山里本来就比别处更冷,到了夜间更甚。

桑枝夏今日临时起意,跟着奔波了一路的人也都穿得单薄,刚过山腰不远,就已经明显能看到山风吹过有人在打哆嗦。

越往上,可就越冷了。

说话的人脸上写满了惴惴,似是担心惹怒了桑枝夏,期间更是一眼不敢看徐璈那个开口就要人命的煞神。

薛柳欲言又止被徐璈抬起的手拦住,徐璈也没贸然插嘴,而是静静地等着桑枝夏自己拿主意。

桑枝夏左右看了一圈,沾满污泥的手指扣紧肩上的披风,说:“在此做个标记,明日再来。”

不安的人如释重负,纷纷张罗着收拾手边的东西准备下山。

徐璈接过桑枝夏手中的小铲子,用只有她能听到的声音说:“脚疼么?要不我背你?”

桑枝夏是今早天色蒙蒙亮就带着人上的山,到现在相当于半点没休息,连着在山里奔走了将近五个时辰。

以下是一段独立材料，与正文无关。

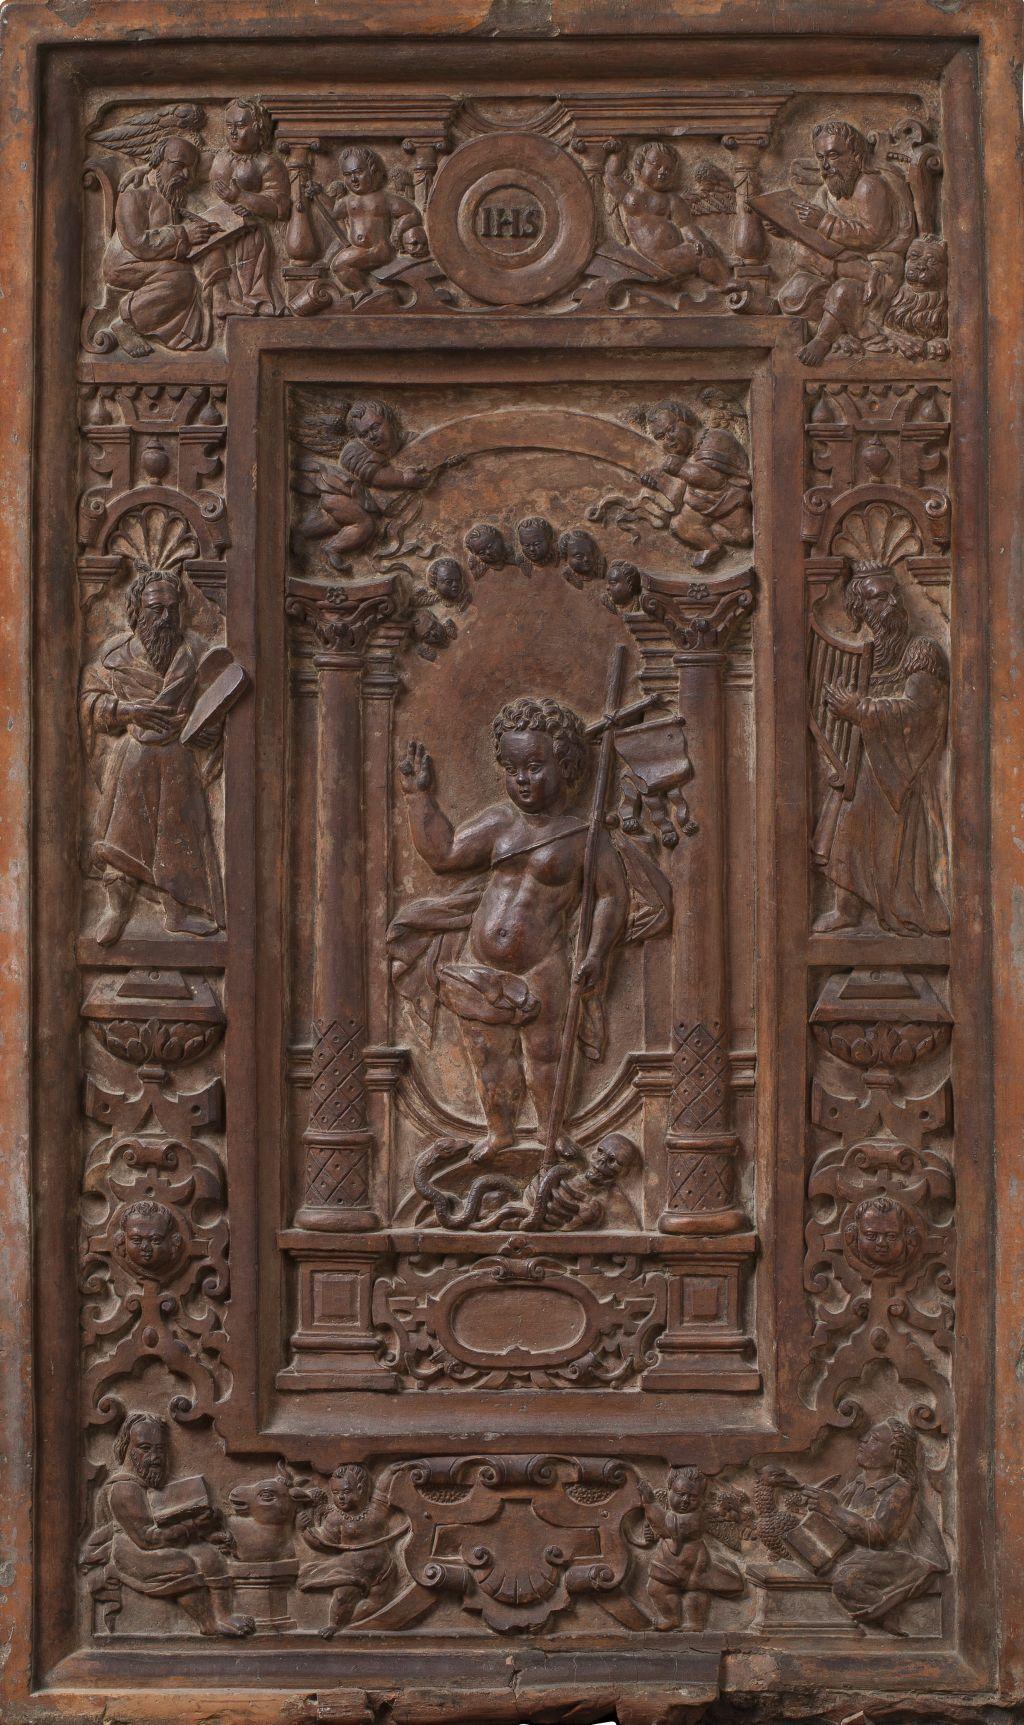 Placa: el Nen Jesús, Amberes

看起来远比桑枝夏壮硕许多的汉子都白了脸,再加上一路上桑枝夏看土剪枝的事儿全都自己动手,现在定然是比谁都累。

桑枝夏不动声色地揪了一下他的指腹,笑着摇头:“没事儿,趁着天色还早,下山再说。”

下山的途中山间起了细碎的雾。

起初只是一点模糊的白,可转眼间绕过一道弯口,雾气逐渐浓重的同时,明显能察觉到空气中多了冰冷的湿意。

走在前头带路的人哎呦了一声,扯着嗓子回头说:“东家,先下雾再下雨,咱们得快点儿了!迟了这山上的路就更难走了!”

雾深难行山路湿滑,再加上落下的夜色,在山里耽搁的时间越久,潜在的危机就越大。